Still not great at the use cases I tested it for but Gemini isn't either. I think we're still very early on video comprehension.
anyone have a tl;dr for me on what the best way to get the video comprehension stuff going is? i use qwen-30b-vl all the time locally as my goto model because it's just so insanely fast, curious to mess with the video stuff, the vision comprehension works great and i use it for OCR and classification all the time
Ive used qwen3-VL on deepwalker lately. All I can stay is that this model is so underrated.
It's so weird how that works with transformers.
Finetuning an LLM "backbone" (if I understand correctly: a fully trained but not instruction tuned LLM, usually small because students) with OCR tokens bests just about every OCR network out there.
And it's not just OCR. Describing images. Bounding boxes. Audio, both ASR and TTS, all works better that way. Now many research papers are only really about how to encode image/audio/video to feed it into a Llama or Qwen model.
It is fascinating. Vision language models are unreasonably good compared to dedicated OCR and even the language tasks to some extent.
My take is it fits into the general concept that generalist models have significant advantages because so much more latent structure maps across domains than we expect. People still talk about fine tuning dedicated models being effective but my personal experience is it's still always better to use a larger generalist model than a smaller fine tuned one.
>People still talk about fine tuning dedicated models being effective
>it's still always better to use a larger generalist model than a smaller fine tuned one
Smaller fine-tuned models are still a good fit if they need to run on-premises cheaply and are already good enough.

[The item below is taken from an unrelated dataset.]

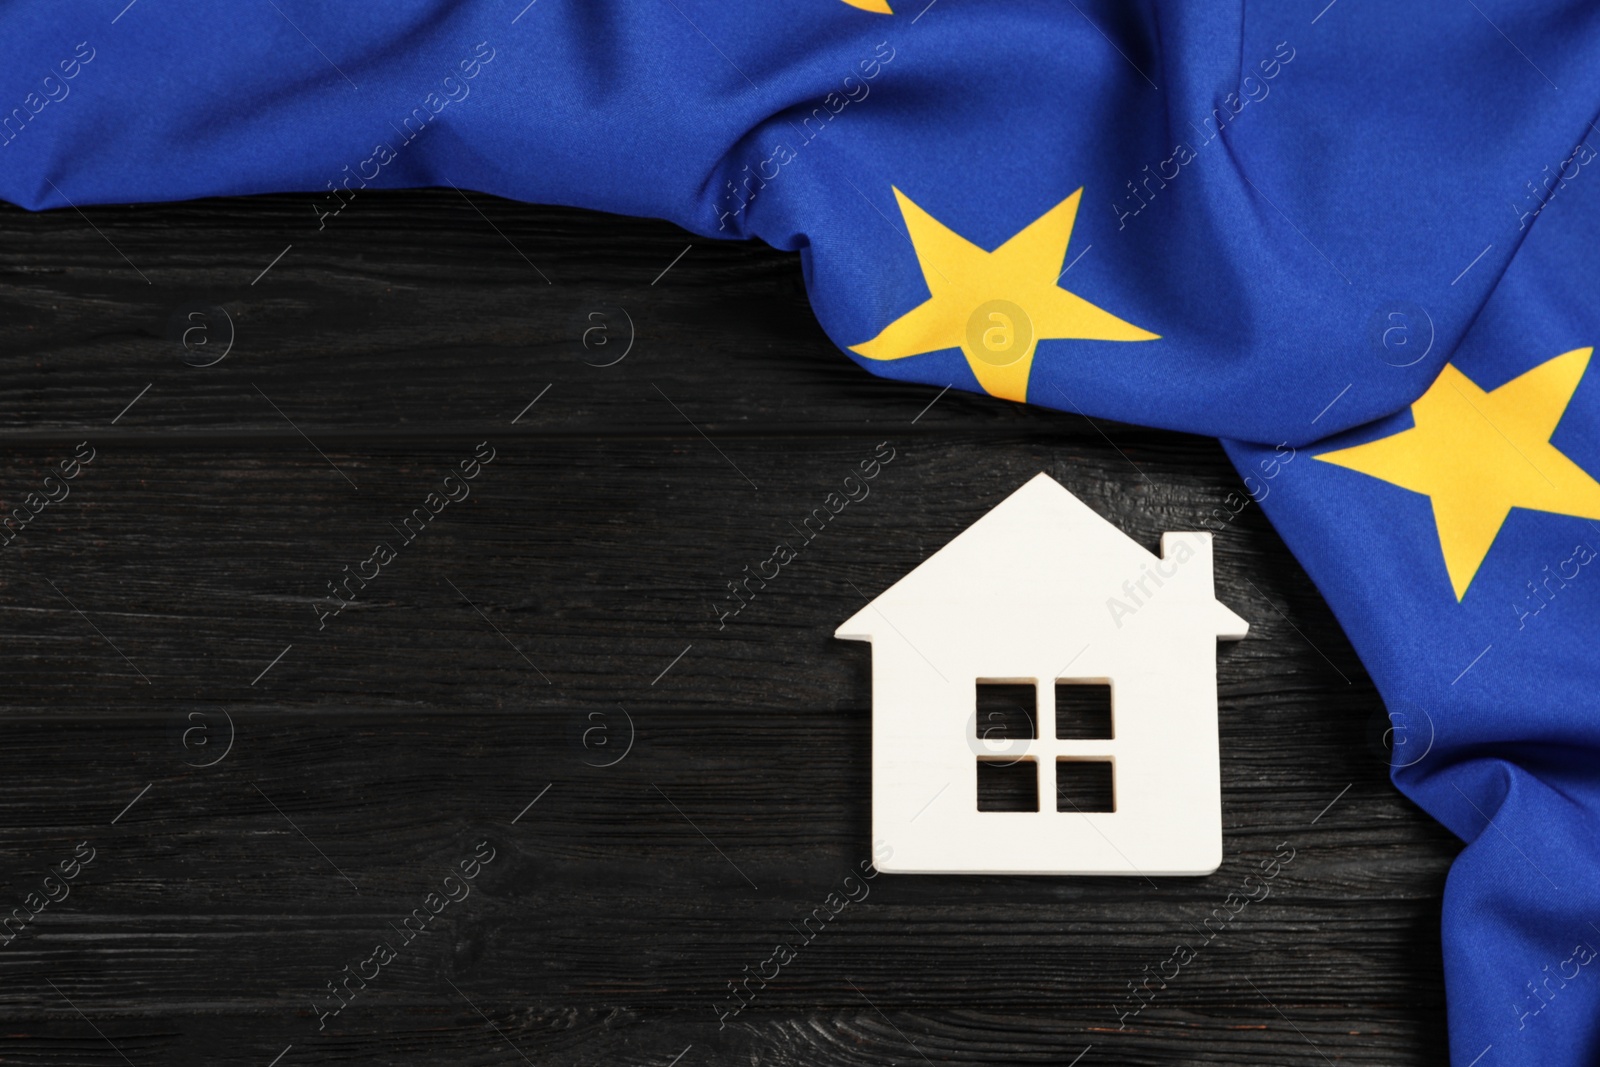 Photo of House model and flag of European Union on black wooden table, flat lay. Space for text

Isn't it their main use case?
> The test works by inserting a semantically important "needle" frame at random positions in long videos, which the system must then find and analyze.
This seems to be somewhat unwise. Such an insertion would qualify as an anomaly. And if it's also trained that way, would you not train the model to find artificial frames where they don't belong?
Would it not have been better to find a set of videos where something specific (common, rare, surprising, etc) happens at some time and ask the model about that?